MM: She's so great. I love that chick, and her Mother is equally nice. We've become great friends.
Have you heard of a kid named Taylor Eigsti?
LV: Yes I have. We have one of his records.
MM: Well, don't you think he's good?
LV: Oh yeah.
MM: He's going to be at Tanglewood with us on the 4th of September. I really predict that he'll be a - I don't see anybody that you could call 'great' coming up, but he certainly will be somebody that will be very, very good, I think. He's got a good personality. Very funny kid. We had a wonderful time on "Piano Jazz" so Tanglewood should be a blast.
LV: All right. I really did enjoy that show you did with Norah Jones, that live concert came off well. You know Norah Jones was educated up at Interlochen?
MM: I know.
LV: That's near Sutton's Bay, right up in the same neck of the woods.
MM: I spoke to somebody who mentioned that Interlochen is close by and a lot of people will come over. That will be great....I hope they have a descent piano.

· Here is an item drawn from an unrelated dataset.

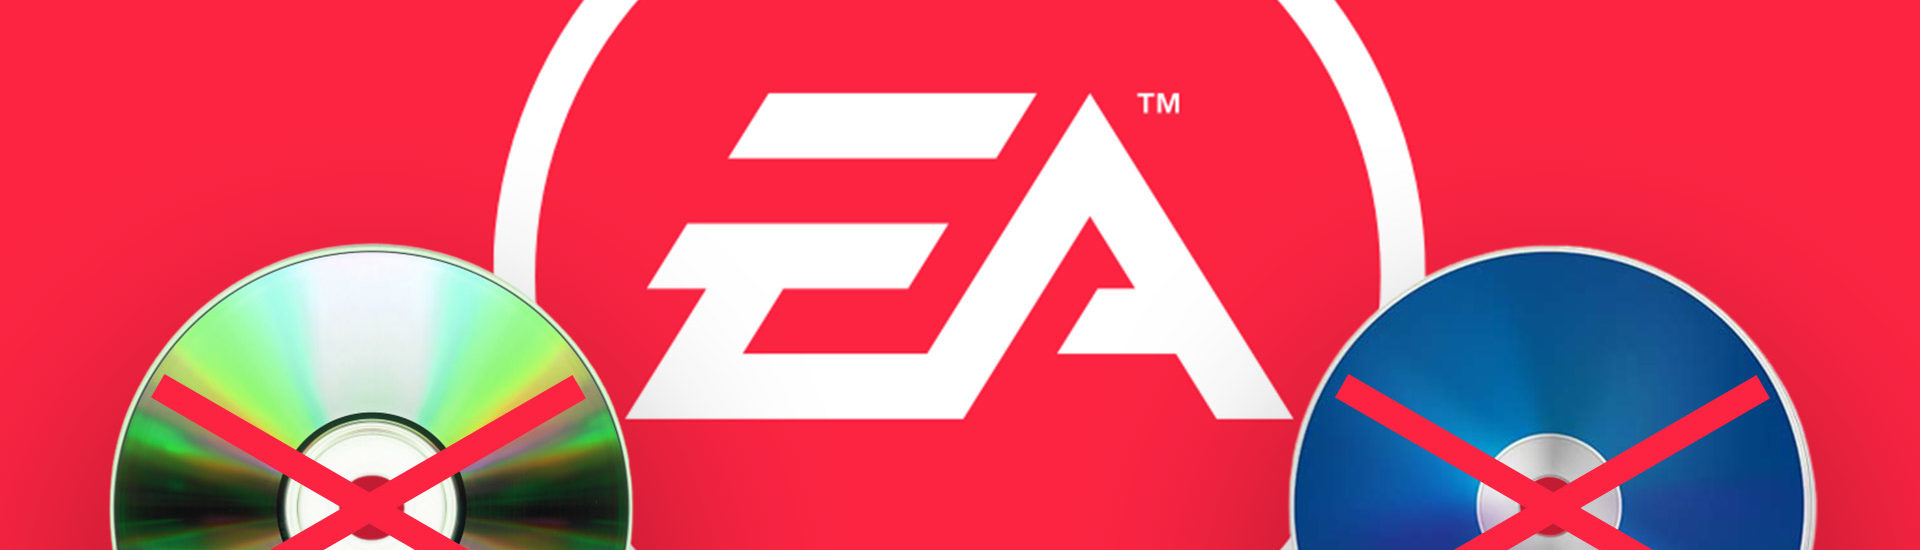 EA: Spiele bald nur noch digital in Deutschland erhältlich

LV: They usually bring one in from Detroit. They usually get a Steinway, or in your case a Baldwin, right?
MM: Baldwin is sort of getting to be a bit funny. I don't know what happened, but a few years ago they suddenly went bankrupt and Gibson bought the whole outfit. Since then they haven't seemed to be doing an awfully good job of providing pianos. In fact, I really don't care. I'd just as soon be on a good Steinway or Yamaha just as well. I better check what they've got up there.
LV: Well, the last two festivals have featured Ramsey Lewis and Ahmad Jamal and they've had Steinways for them. Marian I'm sure you're about ready to wrap up and get on with your day, but, has the Internet drastically changed your life?
MM: I honestly don't know. At the risk of being a fuddy-duddy I don't have a computer; I don't have e-mail; and I really don't need something in my house that I would be sitting in front of for hours. I need to get up and walk around and keep my knees from getting bad, which is what's happening.
So I have a friend who works for me once a week. She's got e-mail, so anybody that must send an e-mail, they send it to her and she faxes it to me. Sounds like a long way of doing things, but it works for me.
I would really hate to have e-mail. It's bad enough with all the mail I get. Every mail has a CD in it from somebody who wants to be on "Piano Jazz." The house is in turmoil with records on every space. In the kitchen and in the dining room is covered with records. I don't have a big enough house to accommodate everything.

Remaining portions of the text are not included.